The Catholic Pawelka was the son of a coffin manufacturer. In 1914 he passed the judicial examination in Vienna . At the beginning of November 1914 he became a legal intern in Brno. He participated in the First World War as a sergeant-cadet aspirant of the Austrian army. From mid-May 1918 to June 1921 he was an auscultant in Brno and Eibenschütz . In 1921 he passed the judge's examination in German and Czech with "very good success" in Vienna.
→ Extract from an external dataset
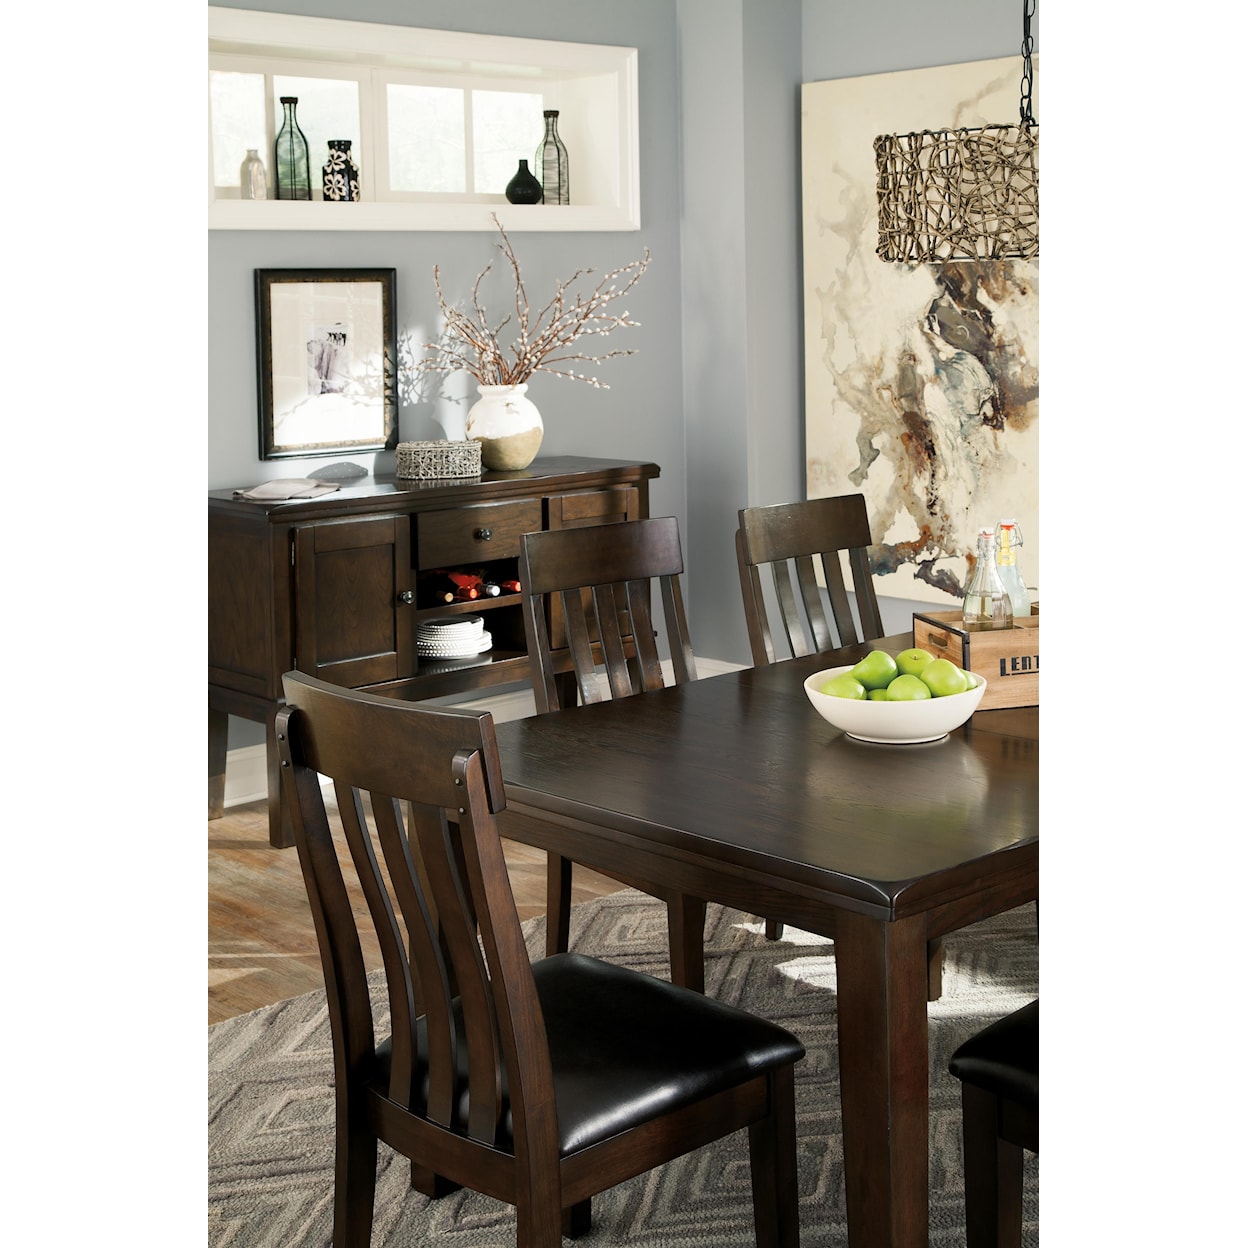 Signature Design by Ashley Haddigan Dining Upholstered Side Chair

From June 1926 to June 1923 he was a judge and single judge in Eibenschütz , from the end of December 1921 this was a systematic position. In May 1923 he came to the Secretariat of the Supreme Court (OG) in Brno, the highest Czechoslovak court. Five weeks later there was a retrospective promotion to the district judge with further use at the OG. In 1924 he became vice secretary of the OG secretariat. In 1931 he was appointed to the court advisor at the court martial in Brno with further use at the OG. In 1935 he became senior secretary and in 1937 councilor at the OG.

After Czechoslovakia was broken up in March 1939, Pawelka was appointed to the Reich Court in Leipzig on September 1, 1939 . He was in the III. , VI. , and IV. Criminal Senate. According to an NKVD report, “ [he] investigated the case of those involved in the suppression of the fascist putsch in Austria on Hitler's personal instructions . During his judicial activity, Pawelka was directly involved in court proceedings of particular importance, including cases involving foreign nationals ”. In August 1945, the NKVD arrested Pawelka as the first of the Reich judges and was taken to special camp No. 1 in Mühlberg at the end of September . After it was dissolved, he was transferred to special camp No. 2 in Buchenwald on September 17, 1948 , where he died shortly afterwards.

Memberships

literature

  • Friedrich Karl Kaul , History of the Reichsgericht, Volume IV (1933–1945), East Berlin 1971, p. 284.

Individual evidence

  1. Information from the Buchenwald Memorial on the basis of the Book of the Dead
  2. Achim Kilian : The prisoners in the Soviet special camps from 1945-1950 , in: German Bundestag (Ed.): Materials of the Enquete Commission. Overcoming the consequences of the SED dictatorship in the process of German unity (13th electoral term of the German Bundestag), Baden-Baden 1999, Volume VI, pp. 420, 422f. ( PDF ).
  3. ^ August Schäfer : The great dying in the Reichsgericht , Deutsche Richterzeitung 1957, pp. 249, 250.